According to our study, the author guessed that femoral nerve injury may occur due to kidney surroundings and proximity with lumbar plexus, nerve roots, iliopsoas muscle, and its blood supply. So when cyst was ruptured, ethanol exposure to near proximity and systemic absorption by vessels could cause drunken status and also neurodegenerative change in lumbar plexus. In our case, it was accidentally damaged femoral nerve.

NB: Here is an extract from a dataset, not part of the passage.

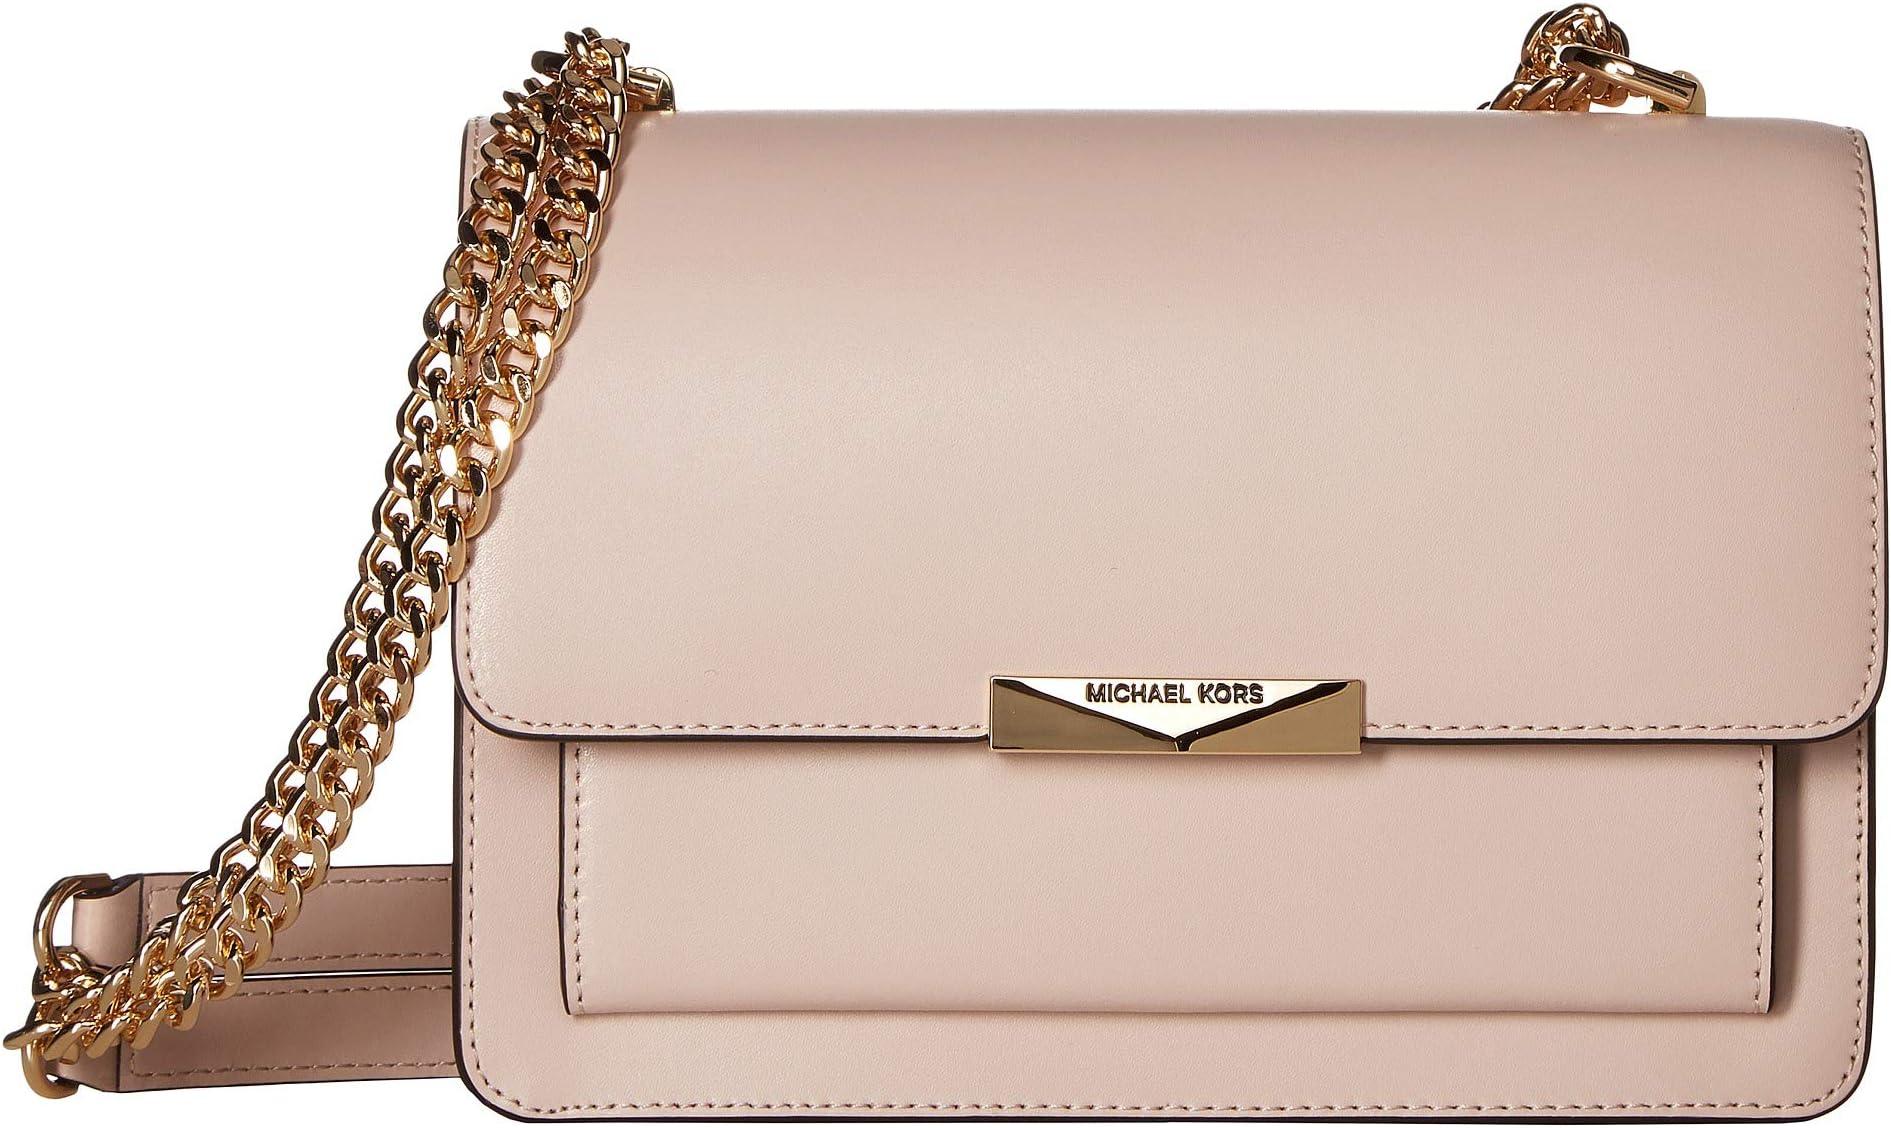 MMK Handbags

Meralgia paresthetica was a differential diagnosis for our patient. The symptoms of lateral femoral cutaneous nerve entrapment, commonly known as “meralgia paresthetica,” include sensory loss, pain, and dysesthesia in part of the area supplied by the nerve. There is no motor component to the nerve, and therefore weakness is not a part of this syndrome. Symptoms often are worsened by standing or walking. Reflexes should remain intact. Our patient had pain, weakness, and paresthesia in anteromedial aspect of right thigh; also right knee deep tendon reflex (DTR) was absent, and so this differential diagnosis was ruled out for him. In conclusion, percutaneous renal cyst ethanol sclerotherapy appears to be not safe completely.

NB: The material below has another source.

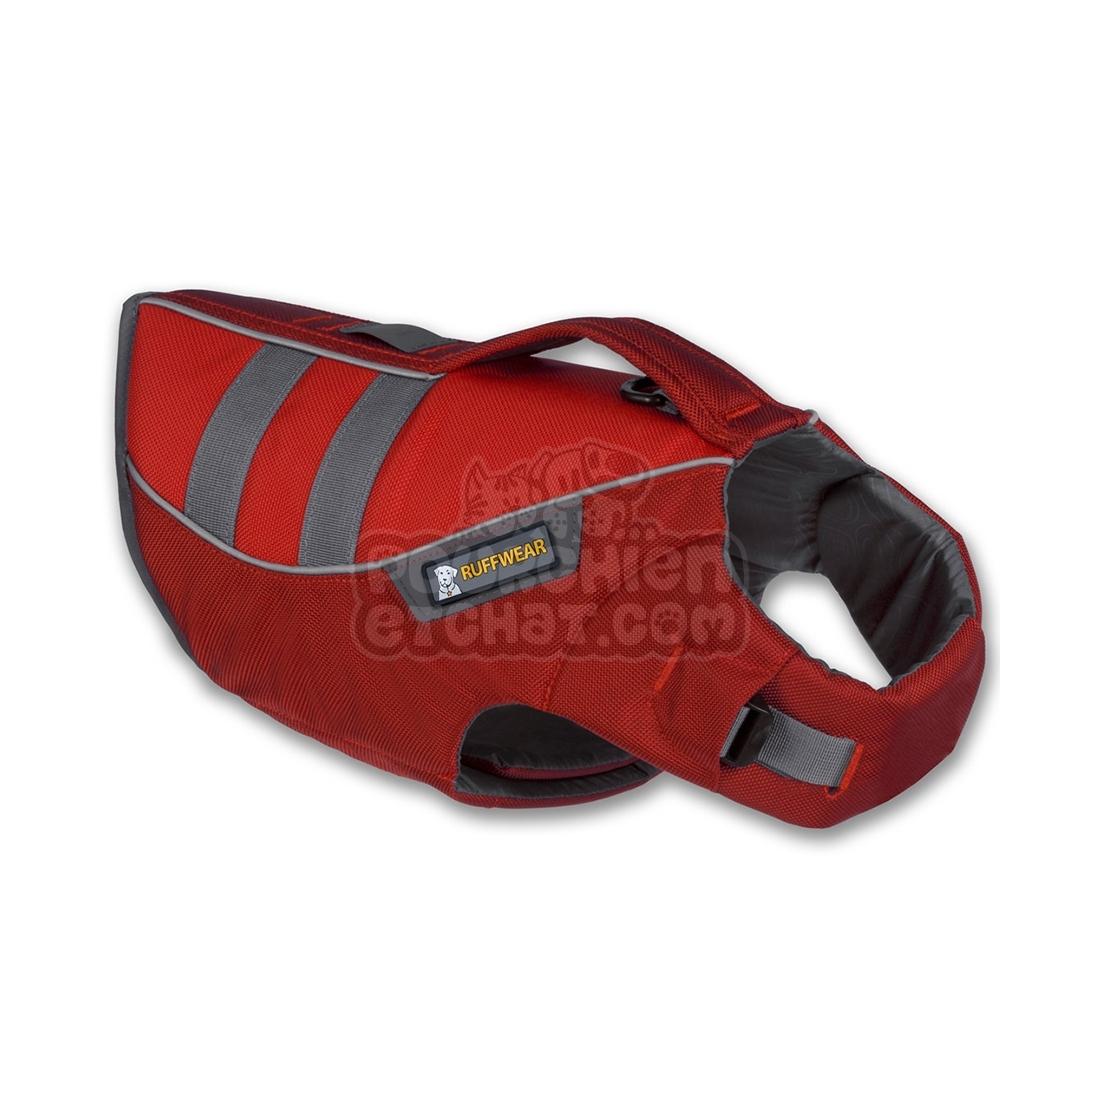 gilet de sauvetage pour chien ruffwear k 9 float coat rouge. Black Bedroom Furniture Sets. Home Design Ideas

Femoral nerve injury caused by percutaneous simple renal cysts with ethanol is a very rare complication of the procedure. The main fault of the urologist who carried out the percutaneous procedure is to perform the procedure under only ultra sonography (US) guidance. Although the Akinci et al. study [11] in year 2005 suggested percutaneous alcohol sclerotherapy with needle aspiration or catheter drainage under US (preferable in cases of shallow and/or larger (>6 cm) cysts) or CT (suitable for treating deeper and/or smaller (<6 cm) cysts) guidance as an effective and safe method for treating symptomatic simple renal cysts, his study in year 2008 suggested catheter insertion for cysts larger than 4 cm in diameter under guidance of US and fluoroscopy [12]; so the authors believe that this procedure should be performed under US combined with fluoroscopic guidance in huge simple renal cyst for decrease in any similar complication.

To the best of our knowledge, this is the first report of femoral nerve injury caused by percutaneous simple renal cyst sclerotherapy with ethanol. This rare event has not been described previously; so physicians should be aware of the possibility of this complication. We suggest that it should be compared with another similar experience.